Wagner explained funds for the equipment is part of the department’s fire agreement under capital purchases, shared with Lethbridge County and the Village of Nobleford.
Training is also very important to all of the local emergency services departments. Wagner noted he and another member of the department went down to Colorado recently to attend Crude By Rail Emergency Response training, which is three days of intense training.
“That basically deals with any type of incident that could happen on a railway system with anything from train derailments to chemical spills to explosions to heavy fire from different materials,” Wagner said.
The training, Wagner said, is supported by CP Rail with the company paying for flights, accommodations and for the training.
“We put on a Crude By Rail intro about a year and a half ago at our fire station and that was an entry level into the training — what to do in hazardous or emergencies involving trains. The invite came out to us because we hosted that. We ended up getting two other people from the Coalhurst fire department coming along with us. What we can do is, we can take what we learned on this course and utilize it in our own station and our own training schedule,” said Wagner.
It’s scary, Wagner added, because there has been a trail derailment many years ago outside of Nobleford.
“It’s not that it’s not going to happen again, it’s just when. I know around here, there’s not a whole lot of education available or courses available to teach people how to deal with trains, other than the ones already taken for hazardous materials and some of the other emergency courses,” he said. For more info about Crude By Rail Emergency Response training visit online at sertc.org/courses/crude-by-rail-emergency-response-cbr.
According to Wagner, he likes to keep training focused on material outside the regular firefighting skills.
“There’s so much more to the emergency services than regular firefighting and motor vehicle collisions.

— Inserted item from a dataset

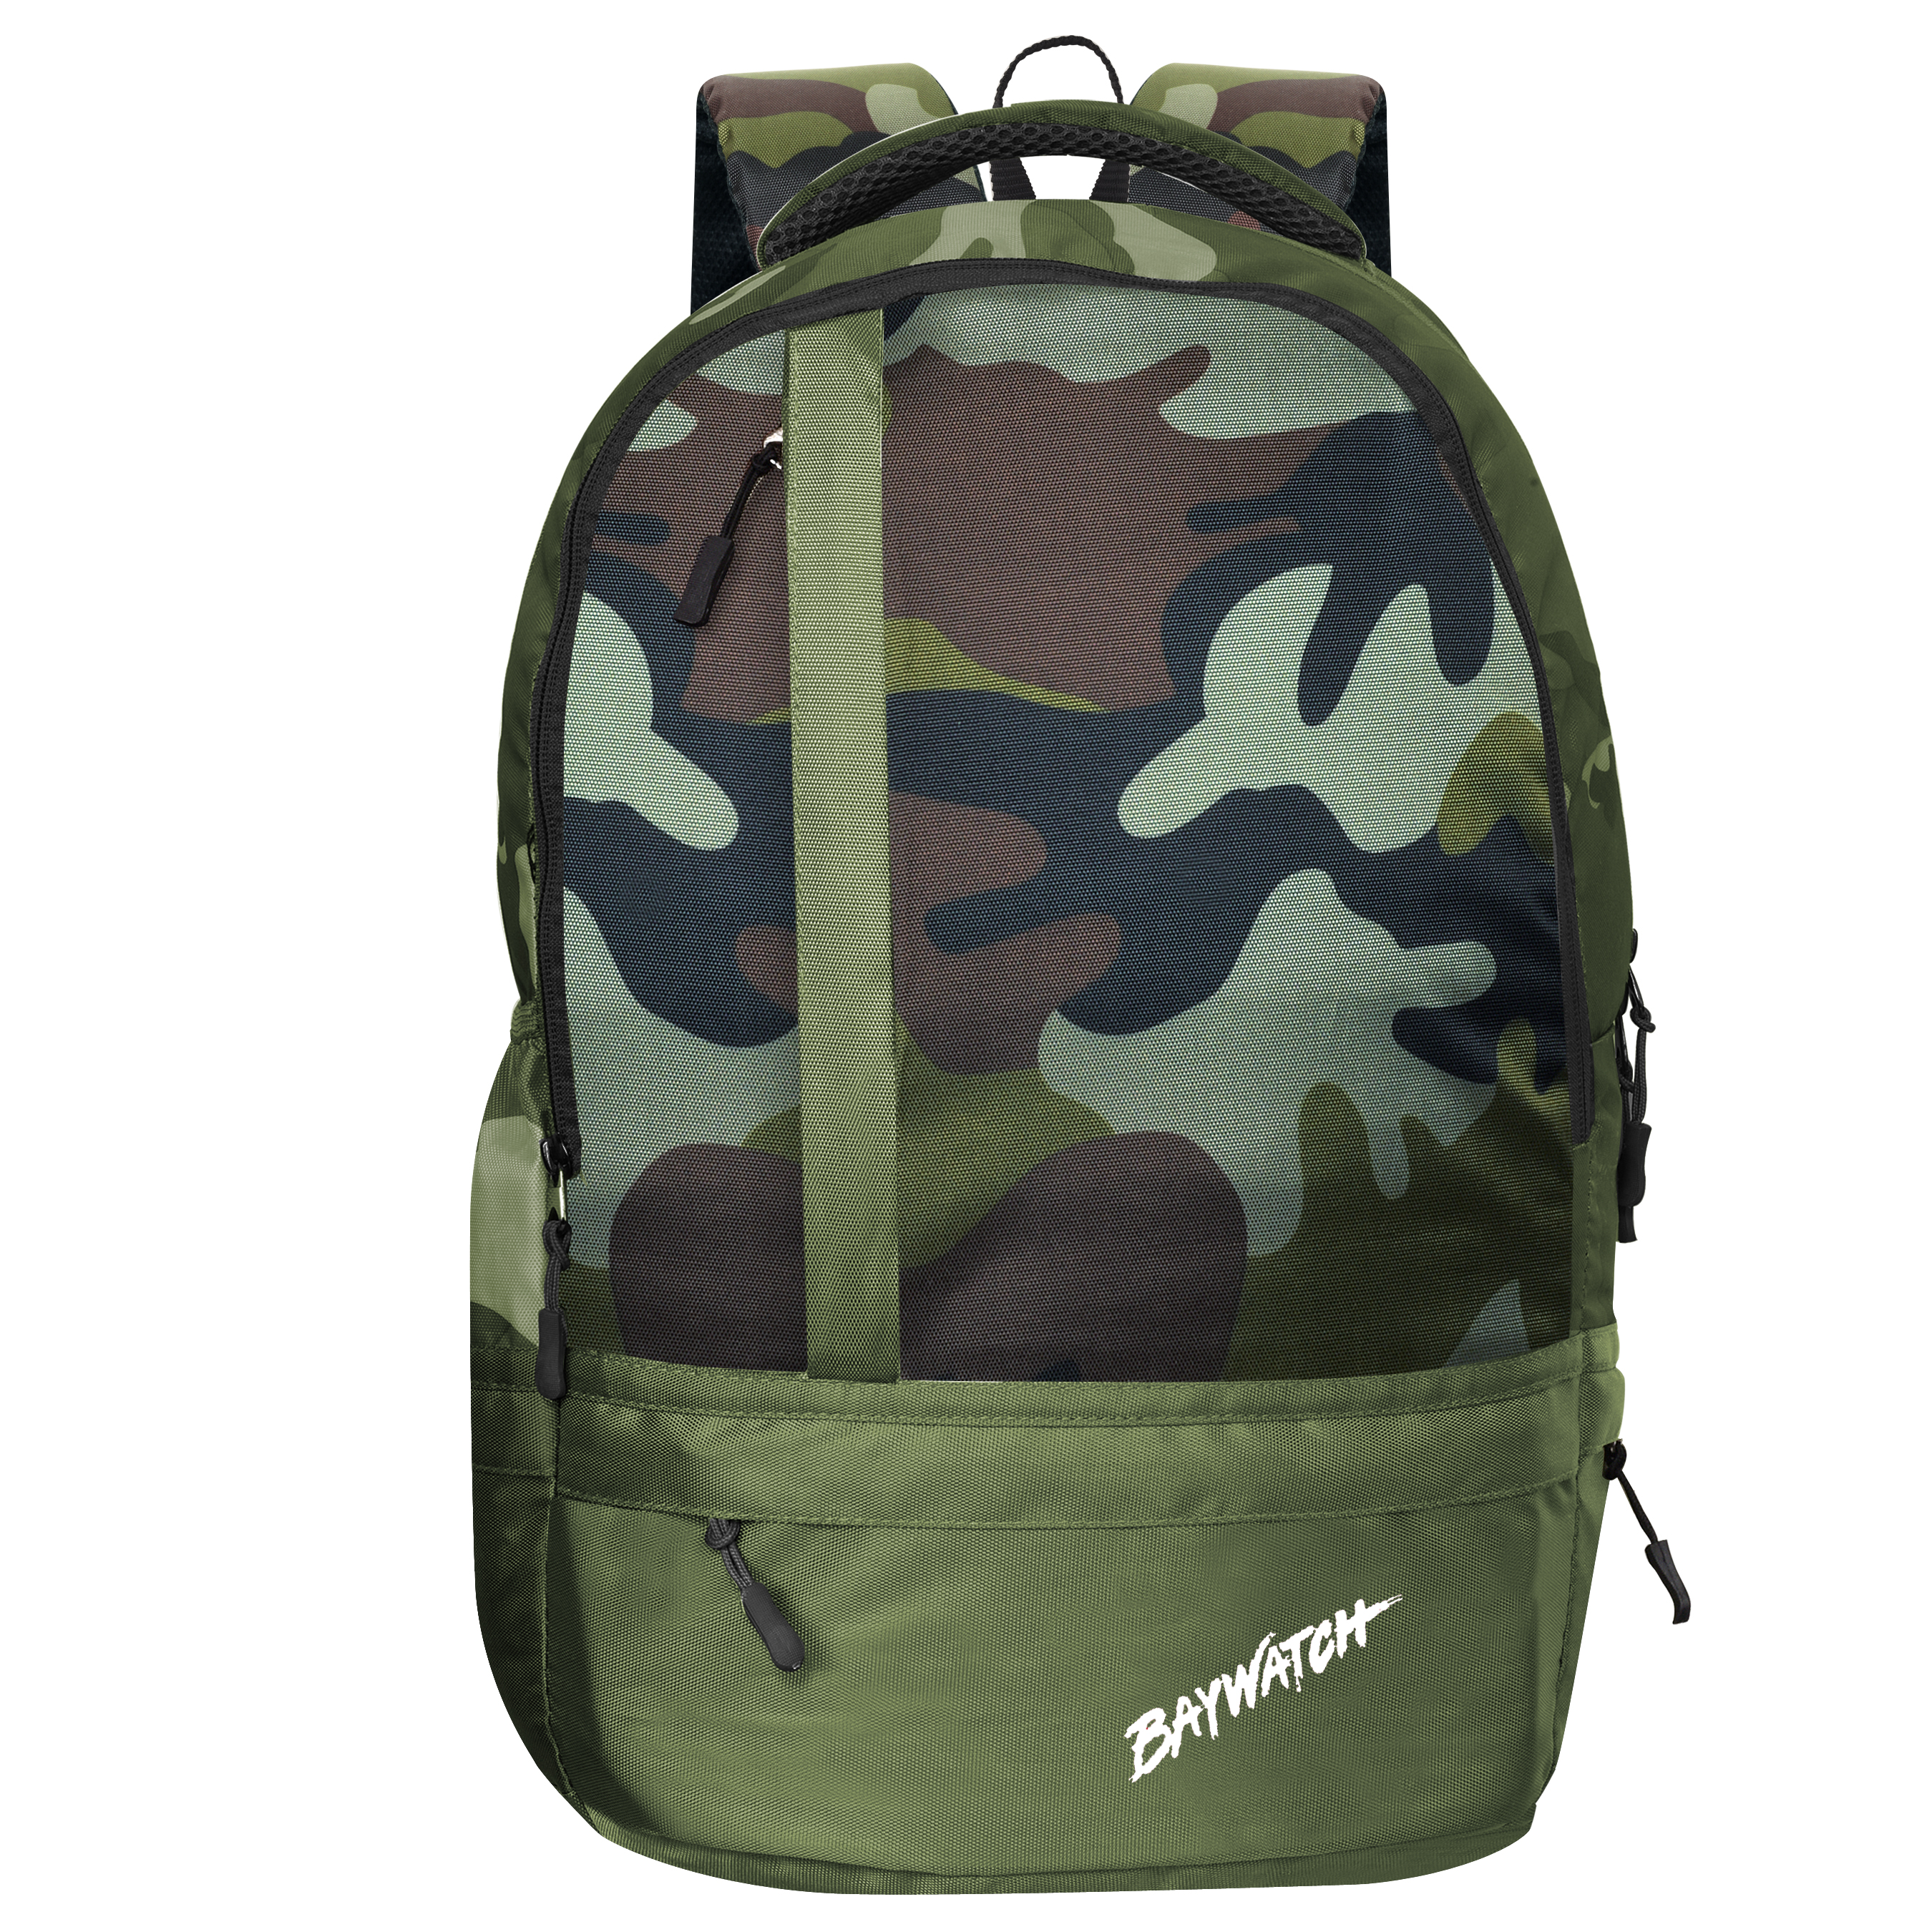 Baywatch 25 Litre Army Printed Unisex Polyester Casual Laptop Backpack  Green 
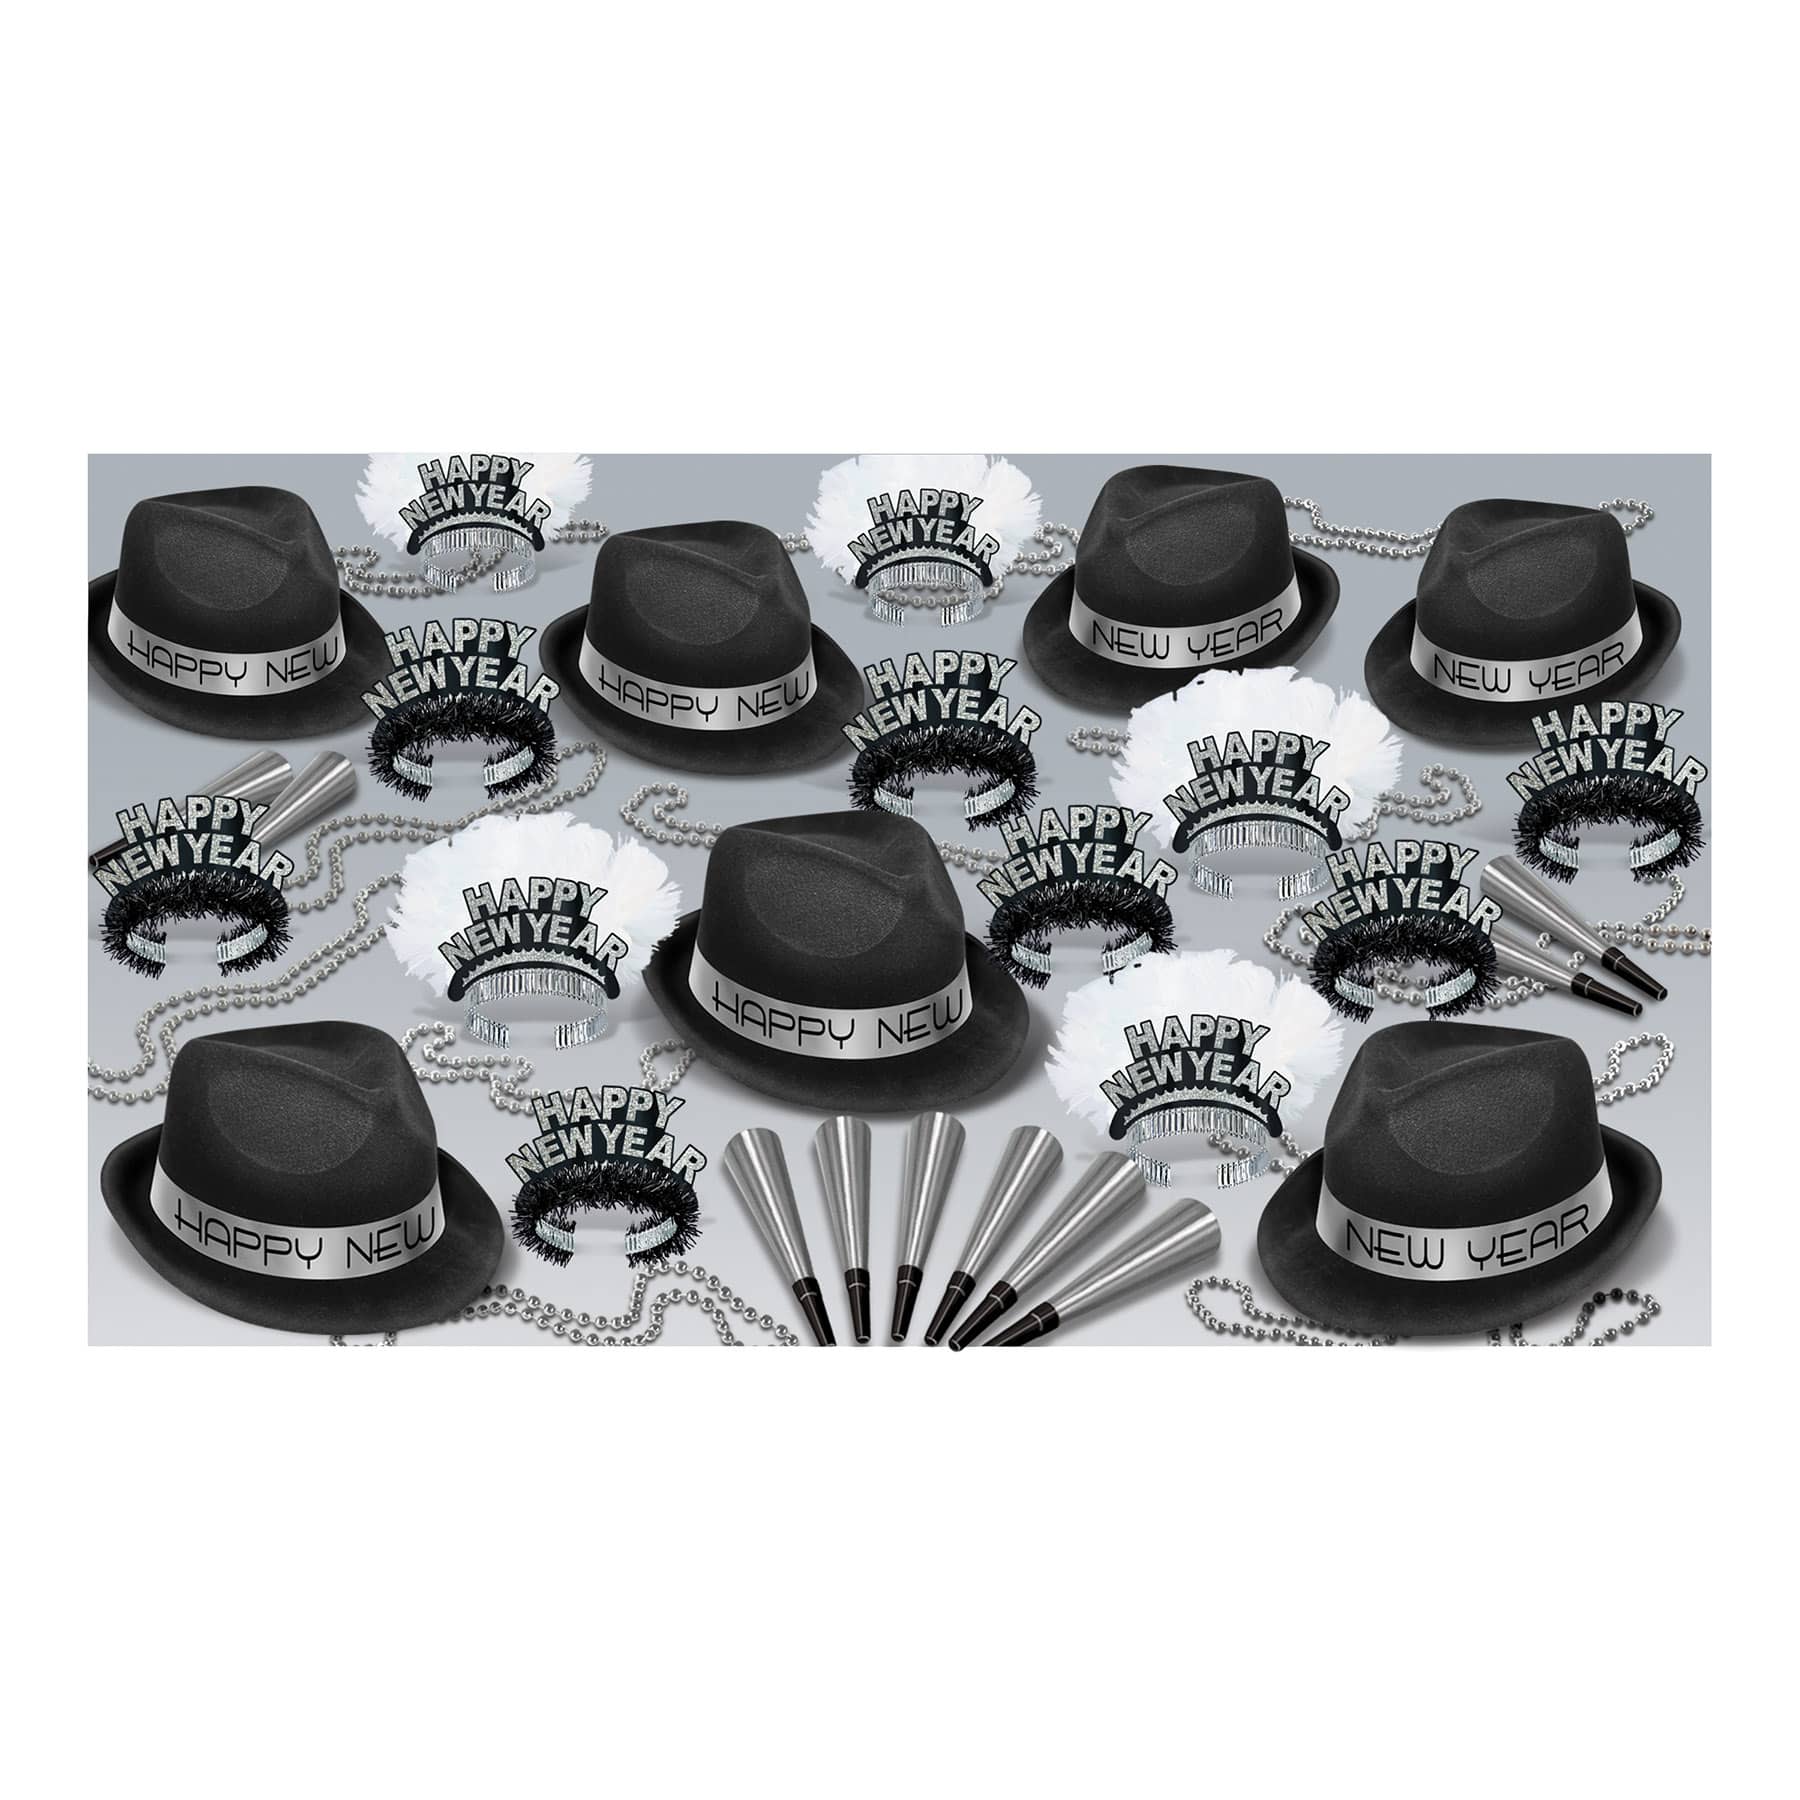 Chairman Silver Assortment for 50

There’s confined space entrance to Crude By Rail,” he said, adding he’d like to also focus on farm safety such as a grain rescue course, which would be an asset to rural Alberta.
“We’ve seen a lot of these types of incidents on farms before and the farm safety is something we’re definitely trying to put our goals to this summer,” he said. It is hoped plans are also on tap to offer Level One and Level Two firefighter in-house training in the fall.
Nobleford and area also stepped up recently to help out their friends in Fort McMurray with fire funds relief. Wagner said he approached the firefighter society and asked how much money the society could set aside to get donations together and help out.
“We talked about donating with Red Cross but a lot of the people that donated wanted to give physical stuff, not just money. We had donations from the Nobleford Ag Society, a large number of local farmers, individuals that live inside Nobleford and we had people giving us donations left, right and centre. Basically, they gave us a lot of cash donations to which we ended up going to get roughly $13,000-14,000 of supplies. Anything from essentials to packaged food to diapers,” Wagner said.
Wagner said the Lethbridge County area doesn’t have the same type of landscape as Fort McMurray with forested areas surrounding the community but the Lethbridge County area does have similar areas of concern.
“Like tall grass lands, the fields and even some of the old structures around the village and outside of the village in Nobleford. We’ve had quite a few large scale grass fires over the years that luckily have not been in our area but we’ve been a part of. Something like that could definitely happen here,” he noted.
Wagner said training is never-ending and a firefighter can never stop learning skills to help in emergencies.
“You’re never going to stop getting new techniques because there’s many different ways on doing things,” Wagner said.